作者: Song, Hailiang 1 ; Zhang, Qin 4 ; Hu, Hongxia 1 ;

作者机构: 1.Beijing Acad Agr & Forestry Sci, Fisheries Sci Inst, Beijing 100068, Peoples R China

2.Beijing Key Lab Fisheries Biotechnol, Beijing 100068, Peoples R China

3.Minist Agr & Rural Affairs, Key Lab Sturgeon Genet & Breeding, Hangzhou 311799, Peoples R China

4.Shandong Agr Univ, Shandong Prov Key Lab Anim Biotechnol & Dis Contro, Tai An 271001, Peoples R China

关键词: autopolyploid species; genomic prediction; genomic best linear unbiased prediction; allele dosages; dominance effects

期刊名称:BRIEFINGS IN BIOINFORMATICS ( 影响因子:6.8; 五年影响因子:7.9 )

ISSN: 1467-5463

年卷期: 2024 年 25 卷 2 期

页码:

收录情况: SCI

摘要: Given the universality of autopolyploid species in nature, it is crucial to develop genomic selection methods that consider different allele dosages for autopolyploid breeding.
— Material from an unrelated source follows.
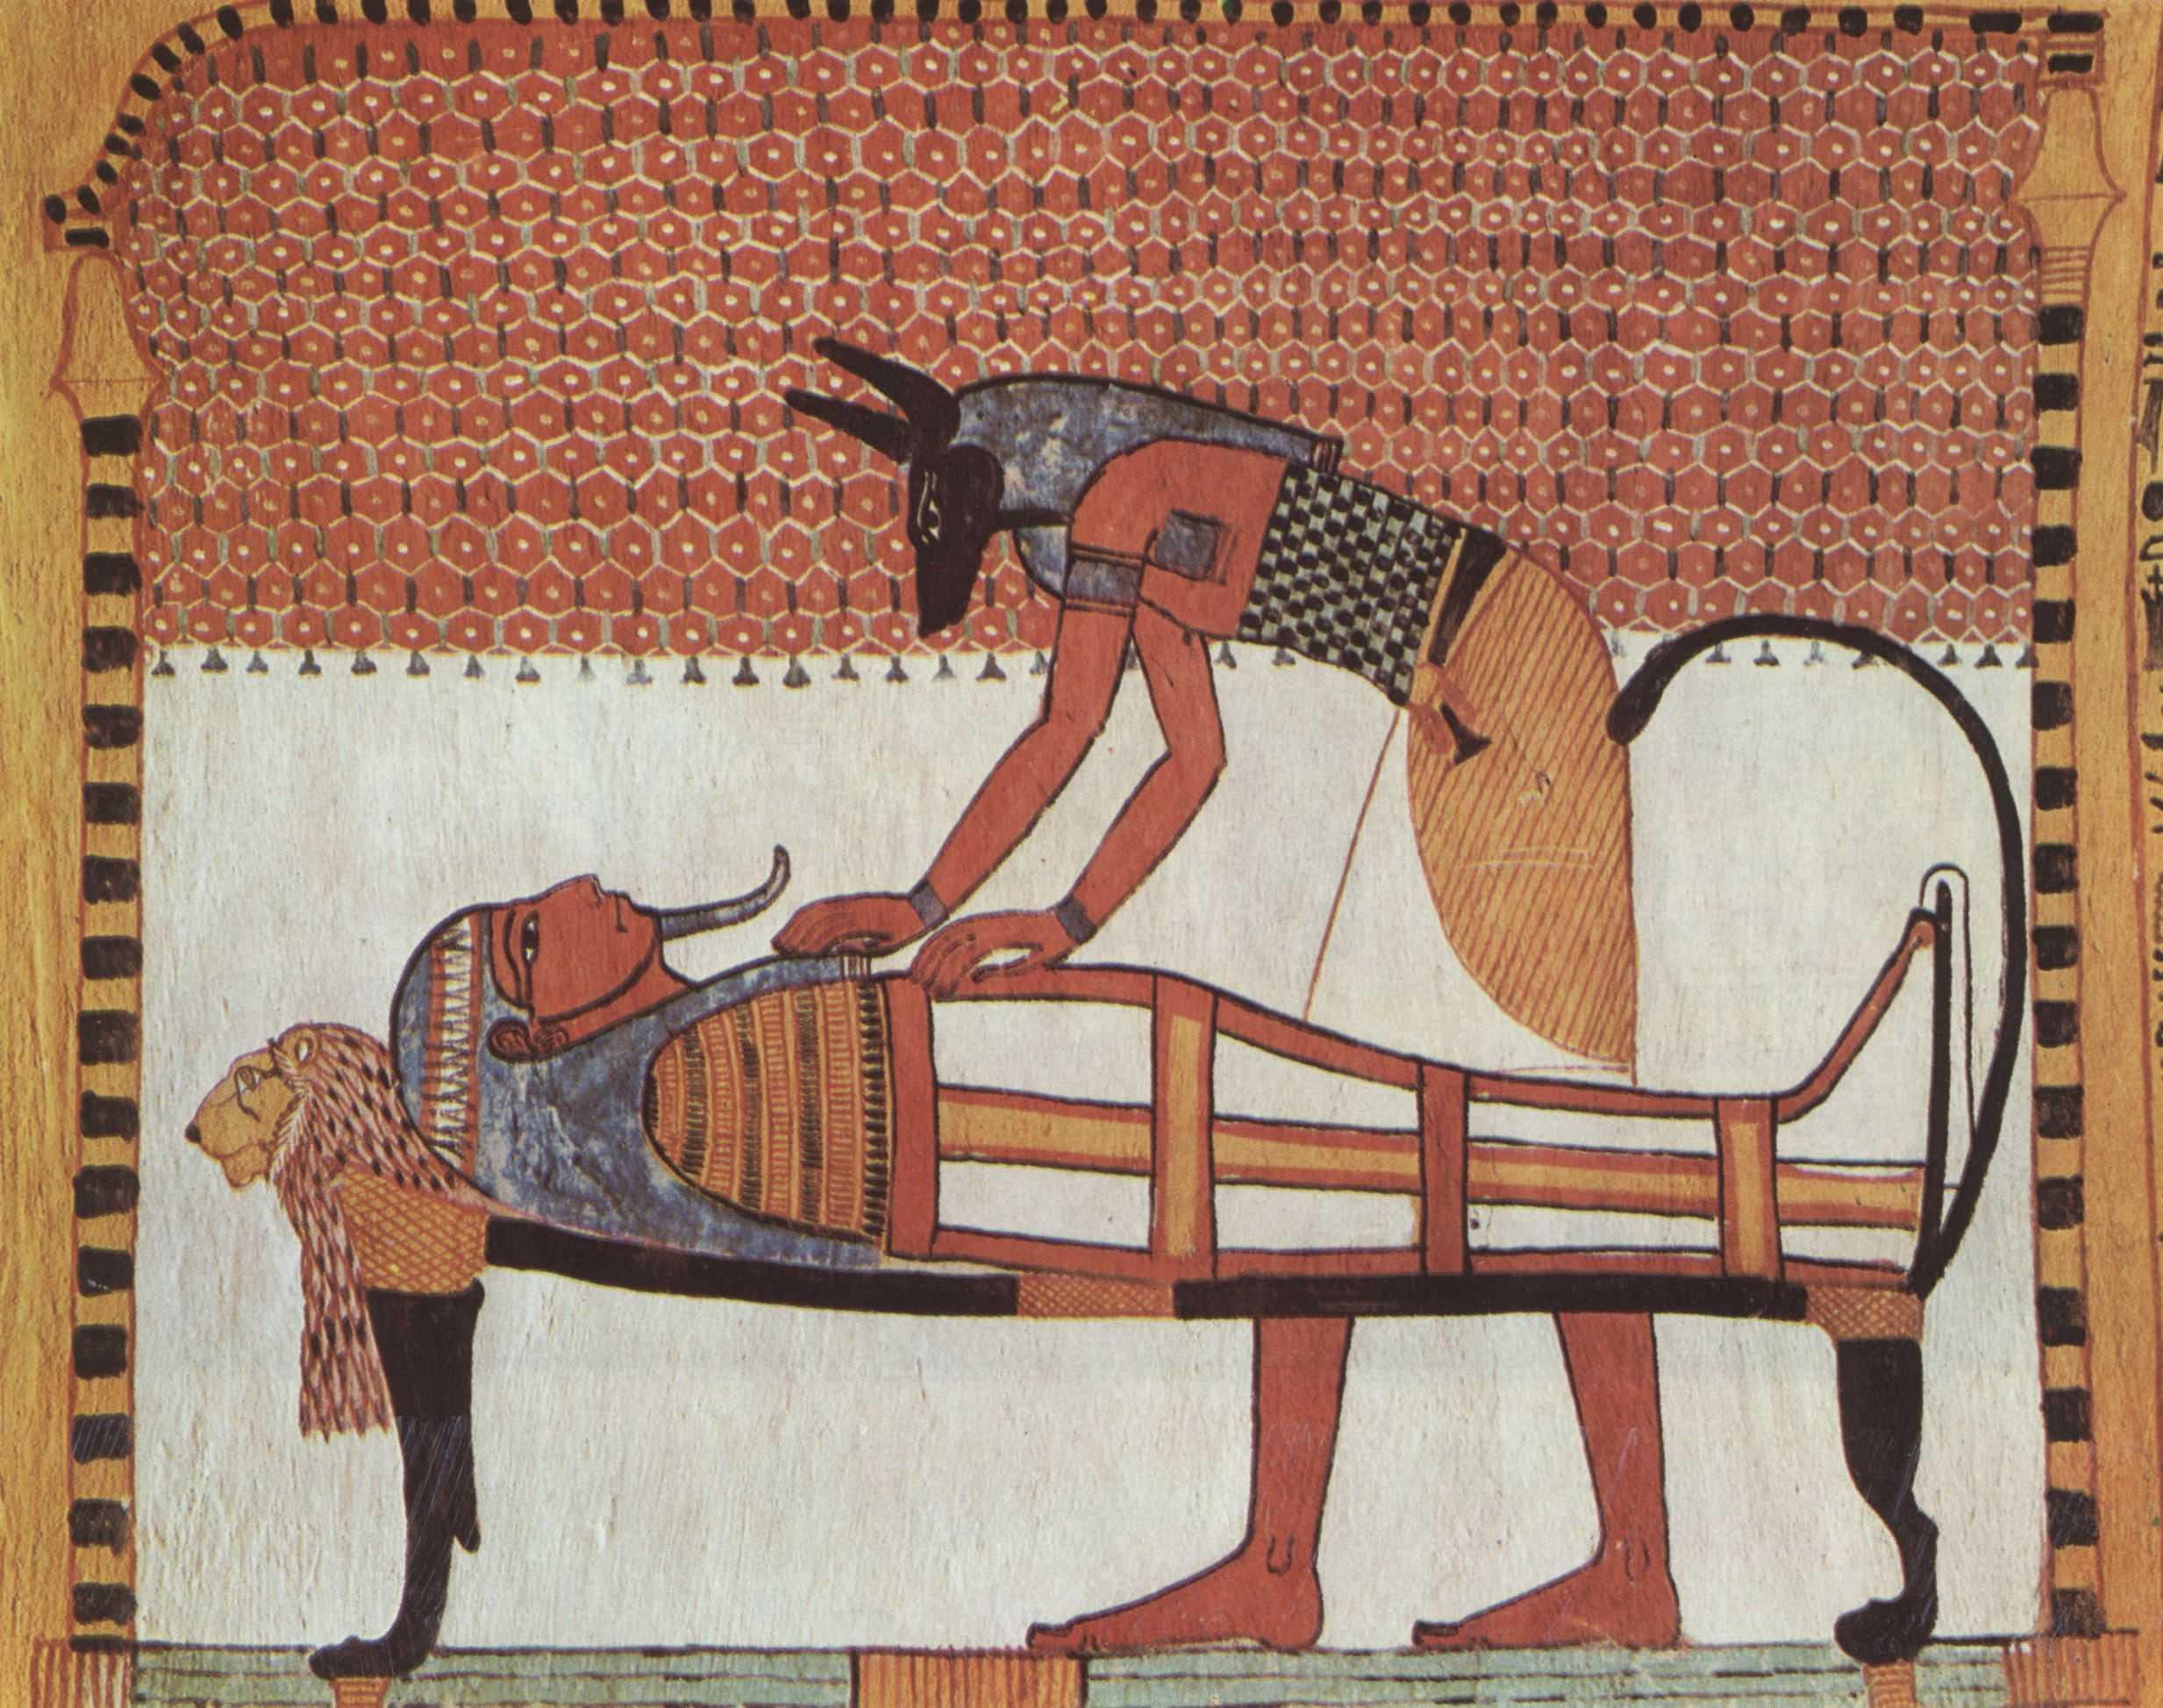 Der Mumifizierungsprozess

However, no method has been developed to deal with autopolyploid data regardless of the ploidy level. In this study, we developed a modified genomic best linear unbiased prediction (GBLUP) model (polyGBLUP) through constructing additive and dominant genomic relationship matrices based on different allele dosages. polyGBLUP could carry out genomic prediction for autopolyploid species regardless of the ploidy level. Through comprehensive simulations and analysis of real data of autotetraploid blueberry and guinea grass and autohexaploid sweet potato, the results showed that polyGBLUP achieved higher prediction accuracy than GBLUP and its superiority was more obvious when the ploidy level of autopolyploids is high. Furthermore, when the dominant effect was added to polyGBLUP (polyGDBLUP), the greater the dominance degree, the more obvious the advantages of polyGDBLUP over the diploid models in terms of prediction accuracy, bias, mean squared error and mean absolute error. For real data, the superiority of polyGBLUP over GBLUP appeared in blueberry and sweet potato populations and a part of the traits in guinea grass population due to the high correlation coefficients between diploid and polyploidy genomic relationship matrices. In addition, polyGDBLUP did not produce higher prediction accuracy than polyGBLUP for most traits of real data as dominant genetic variance was not captured for these traits. Our study will be a significant promising method for genomic prediction of autopolyploid species.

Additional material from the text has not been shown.